Using "*eval_suite" in the log hint triggers unbundling. The packager calls unbundle() to get the inner dict, then the manager packs each DataFrame individually — creating three separate DatasetArtifacts.

run_unbundled = fn.run(
    local=True,
    params={"num_samples": 5},
    returns=["*eval_suite"],  # unbundle into separate artifacts
)

run_unbundled.outputs

Each benchmark is now its own artifact. You can inspect them individually:

# List the unbundled artifact keys
[key for key in run_unbundled.outputs if key.startswith("eval_suite")]

Test 2: packing as a single file (no unbundling)#

Without the "*" prefix, the entire suite is packed as a single JSON file artifact via pack_file().

run_single = fn.run(
    local=True,
    params={"num_samples": 5},
    returns=["eval_suite"],  # no * → single file artifact
)

run_single.outputs

Test 3: consuming unbundled artifacts as an EvalSuite input#

The real payoff of bundling is round-trip consumption.
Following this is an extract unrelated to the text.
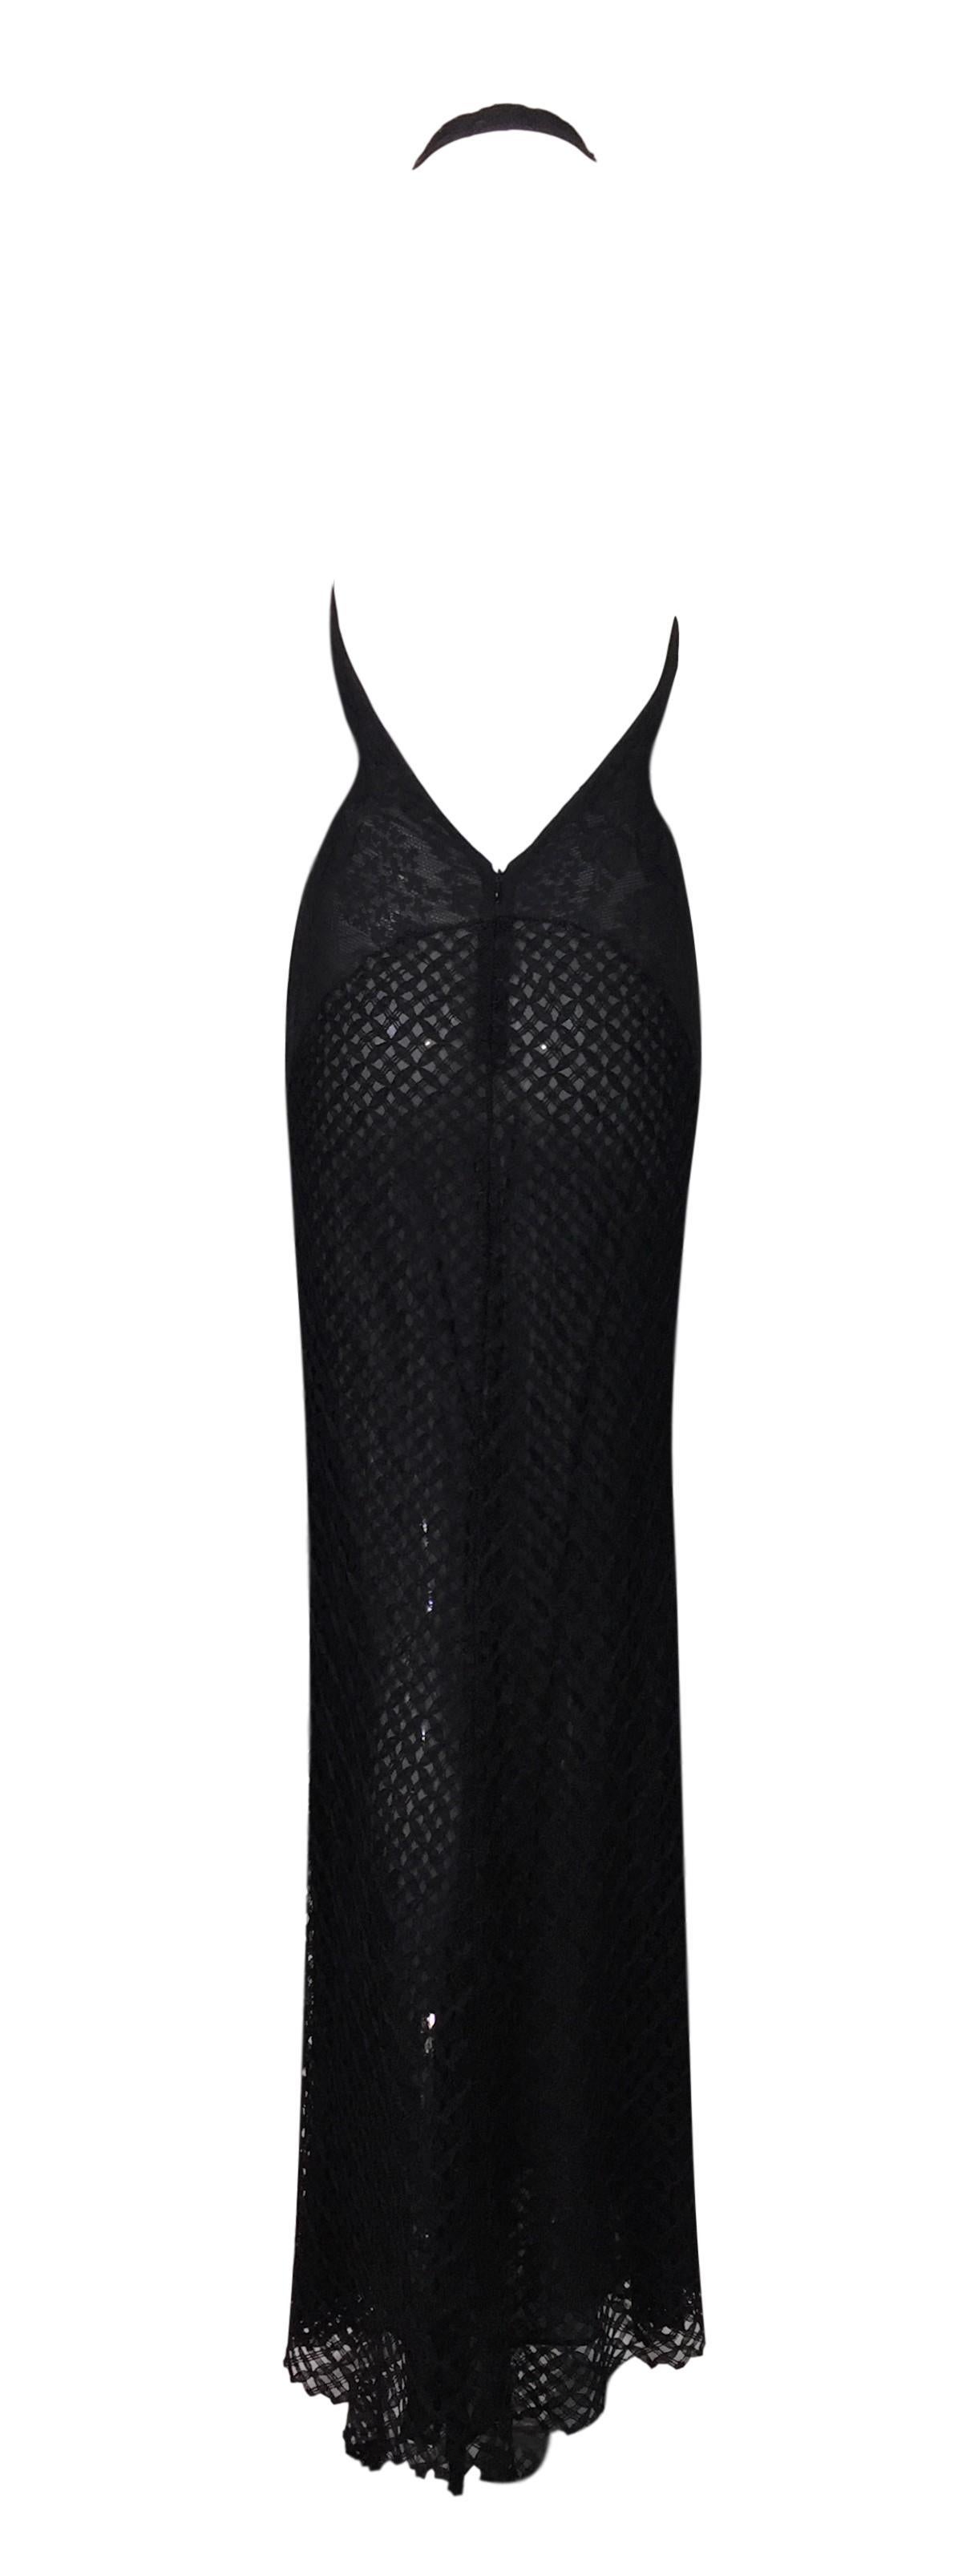 black lace halter dress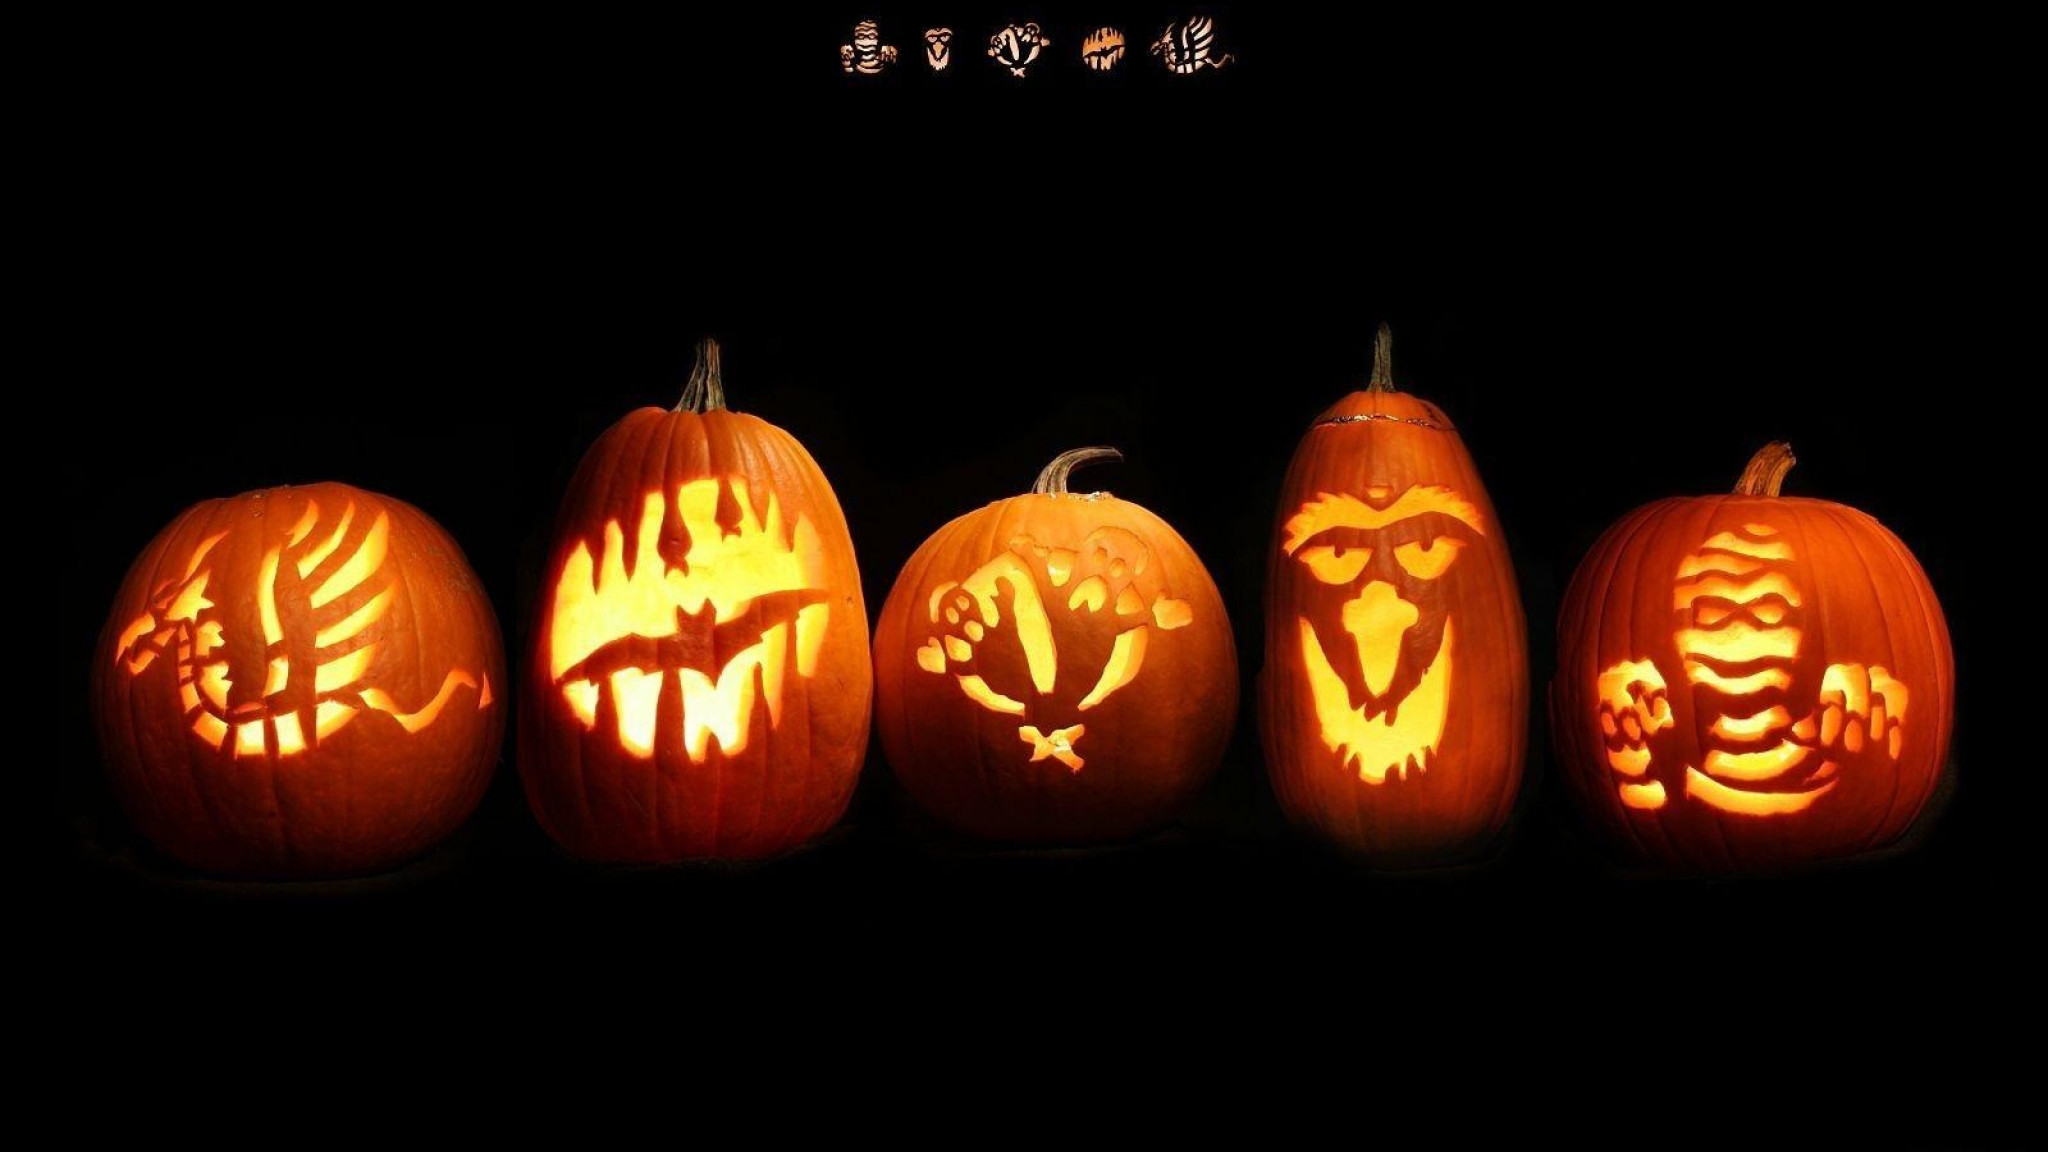 2048x1152 Full Size of Uncategorized: Halloween Holiday Pumpkin Faces Lights Signs  Black Background 37698  Uncategorized ...

The unbundled artifacts from Test 1 (three separate DatasetArtifacts) can be passed as input to a downstream handler that expects an EvalSuite. The packager's bundle() method automatically re-assembles the individual DataFrames back into an EvalSuite.

%%writefile summarize_suite.py

import pandas as pd
from eval_suite import EvalSuite


def summarize(suite: EvalSuite) -> pd.DataFrame:
    """
    Summarize an EvalSuite into a single DataFrame.

    :param suite: The EvalSuite to summarize (may arrive as unbundled artifacts).

    :returns: A summary DataFrame with mean scores per benchmark.
    """
    return suite.summary()

summarize_fn = project.set_function(
    "summarize_suite.py",
    name="summarize-suite",
    kind="job",
    image="mlrun/mlrun",
    handler="summarize",
)

# Pass the unbundled artifacts — the packager re-bundles them into an EvalSuite
summarize_run = summarize_fn.run(
    local=True,
    inputs={"suite": run_unbundled.outputs["eval_suite"]},
    returns=["summary : dataset"],
)

summarize_run.artifact("summary").as_df()

Summary of all three patterns#

Across these tutorials you've seen the three main patterns for custom packagers:

Pattern	Tutorial	Key methods	Use case
Pack-only	PIL Image	`pack_file`, `pack_plot`	Types that are produced but rarely consumed as typed inputs
Round-trip	LangChain	`pack_file`, `unpack_file`	Types that need to be saved and loaded back across functions
Bundling	EvalSuite (this tutorial)	`pack_file`, `unpack_file`, `bundle`, `unbundle`	Collection types that should decompose into individual artifacts

All three follow the same core recipe:

Subclass DefaultPackager
Set PACKABLE_OBJECT_TYPE and DEFAULT_PACKING_ARTIFACT_TYPE
Implement pack_*() and optionally unpack_*() methods
Clean up temp files with add_future_clearing_path()
Register with project.add_custom_packager(packager="module.Class", is_mandatory=True)

For the full API reference, see DefaultPackager and Packager.